吉田仙太郎訳 《大人の本棚》[14日刊]

40歳という若さで亡くなったカフカは、生前、みずから編んだ本を6冊刊行している。そのなかの短篇集3冊『観察』(1913)『田舎医者』(1919)『断食芸人』(1924)を一冊にまとめたのが本書。
三つの短篇集の刊行時期は、カフカの約20年の作家活動のちょうど初期、中期、後期に当たる。『観察』、『田舎医者』から『断食芸人』へ。形式面では超短篇から中編へ、内容面では無垢でロマンチックな孤独感が現実味のある幻想へと変化を遂げてゆくのが見てとれる。

本読み人生において、カフカは通行手形のようなところがある。デビュー作からすでに異彩を放っていたカフカの「潔癖きわまるドイツ語散文によって統御された」文体は、読書を試練と考えているようだから。一定のリズムを刻みながら、どこかに向かって微修正されていく、その文章を追うことの単調さ、不気味さ……

「笑いとならんで大切にしたいのは〈退屈〉である。ヨゼフィーネや小さい女や断食芸人の正体のまわりをめぐるほとんど永遠の〈ぐるぐるまわり〉、こうした言説のゆきつもどりつの〈さすらい〉と〈ゆらぎ〉、そこから生ずる退屈に、耐えることである。そしてすっかり身を委ねることである。」(「訳者まえがき」より)

そう、カフカを読むときのあの不安は、〈退屈〉に耐えられそうにない自分への不安でもあるのだ。長くカフカとつきあってきた訳者のさりげない案内のおかげで、この無味な〈退屈〉がこのうえないごちそうのように思えてくる。

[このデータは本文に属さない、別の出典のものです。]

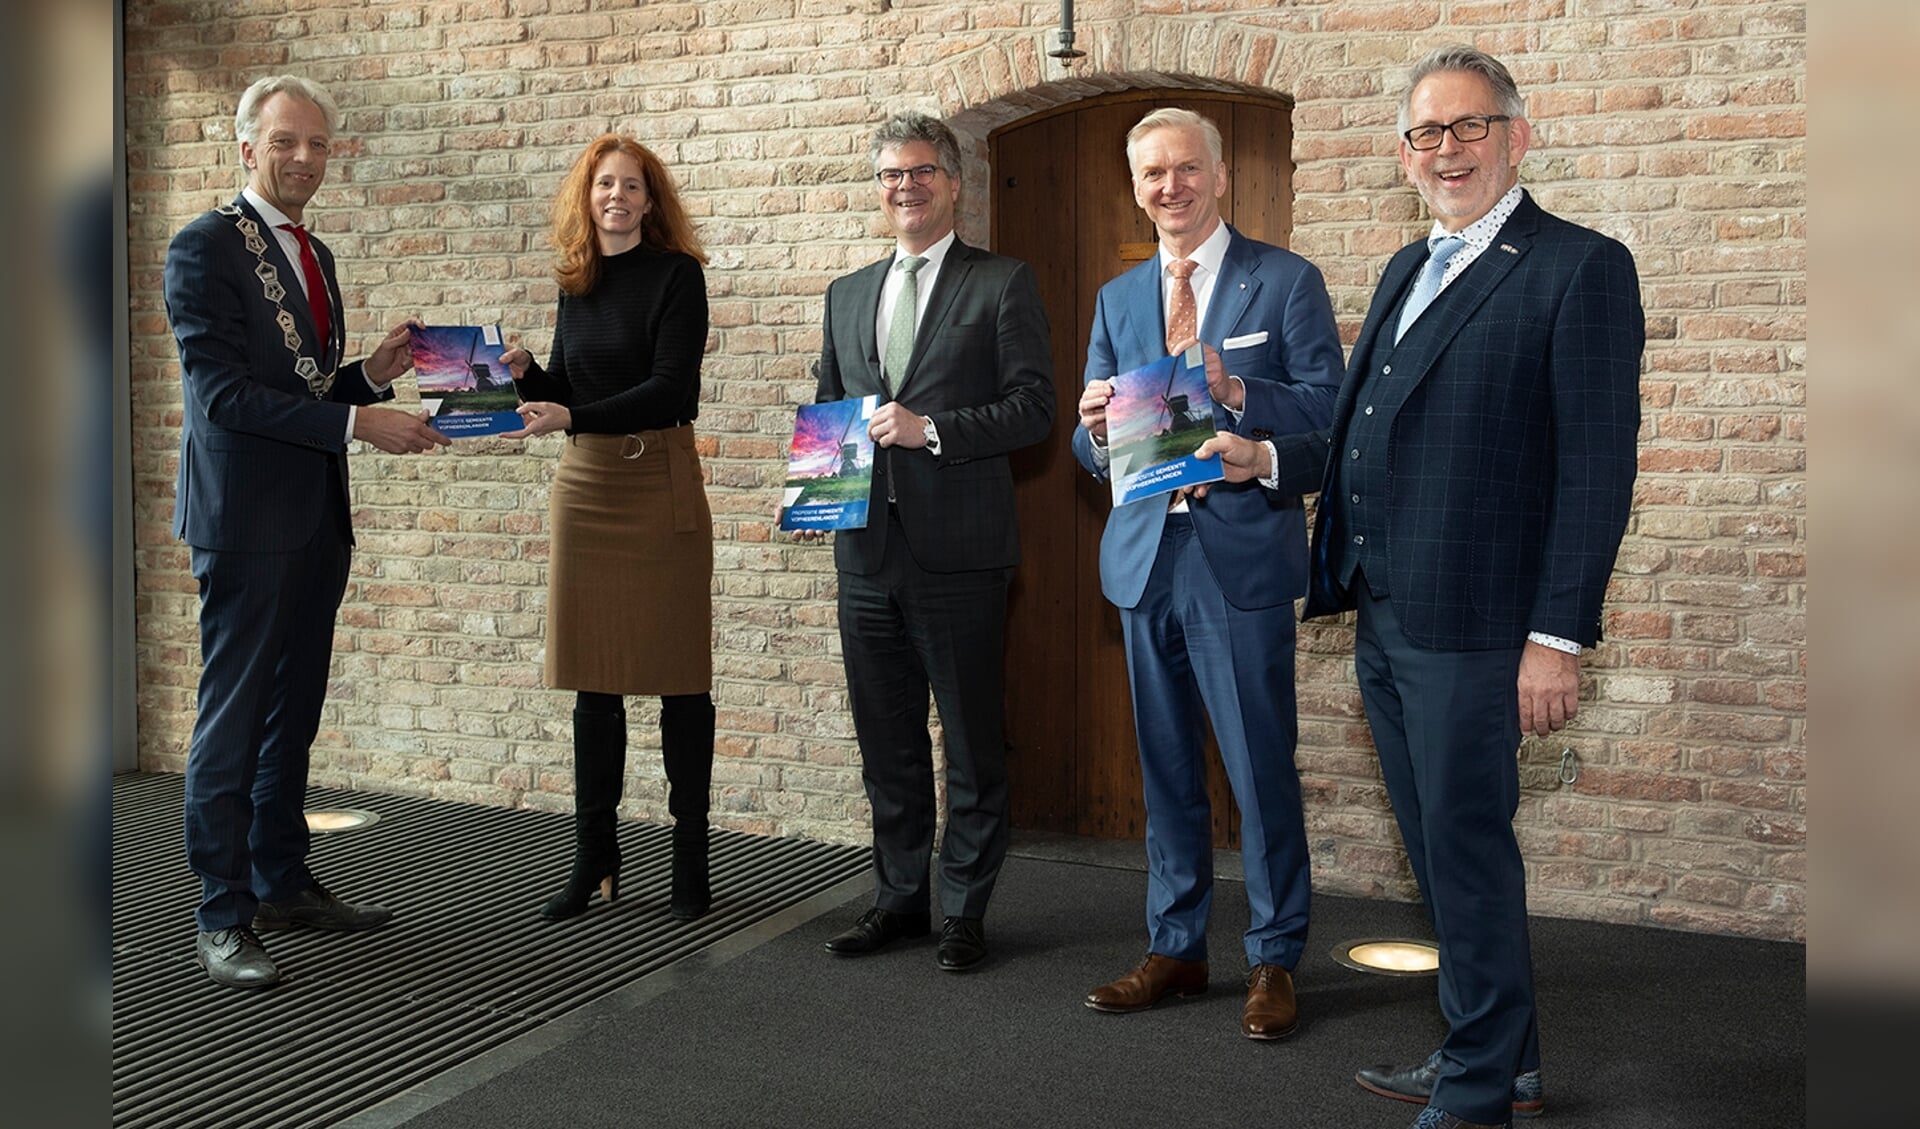 De gemeente Vijfheerenlanden overhandigt het rapport ‘Propositie Vijfheerenlanden’ aan het ministerie van Binnenlandse Zaken en Koninkrijksrelaties en de provincie Utrecht.

「シューベルトは訓練によって理解できる音楽なんだ。僕だって最初に聞いたときは退屈だった。君の歳ならそれは当然のことだ。でも今にきっとわかるようになる。この世界において、退屈でないものには人はすぐに飽きるし、飽きないものはだいたいにおいて退屈なものだ。そういうものなんだ。僕の人生には退屈する余裕はあっても、飽きているような余裕はない。たいていの人はその二つを区別することができない。」(村上春樹『海辺のカフカ』上より)
これは、カフカで連想した小説のなかに出てくるある会話。シューベルトをカフカに、音楽を文学に置き換えて読むことは、カフカという名前の少年が主人公のこの小説において自然なことだろう。
原文の息づかいが聞こえてくるような、透明感のある吉田仙太郎訳のカフカ。訳文が導く〈退屈〉の贅沢に身を委ねてほしい。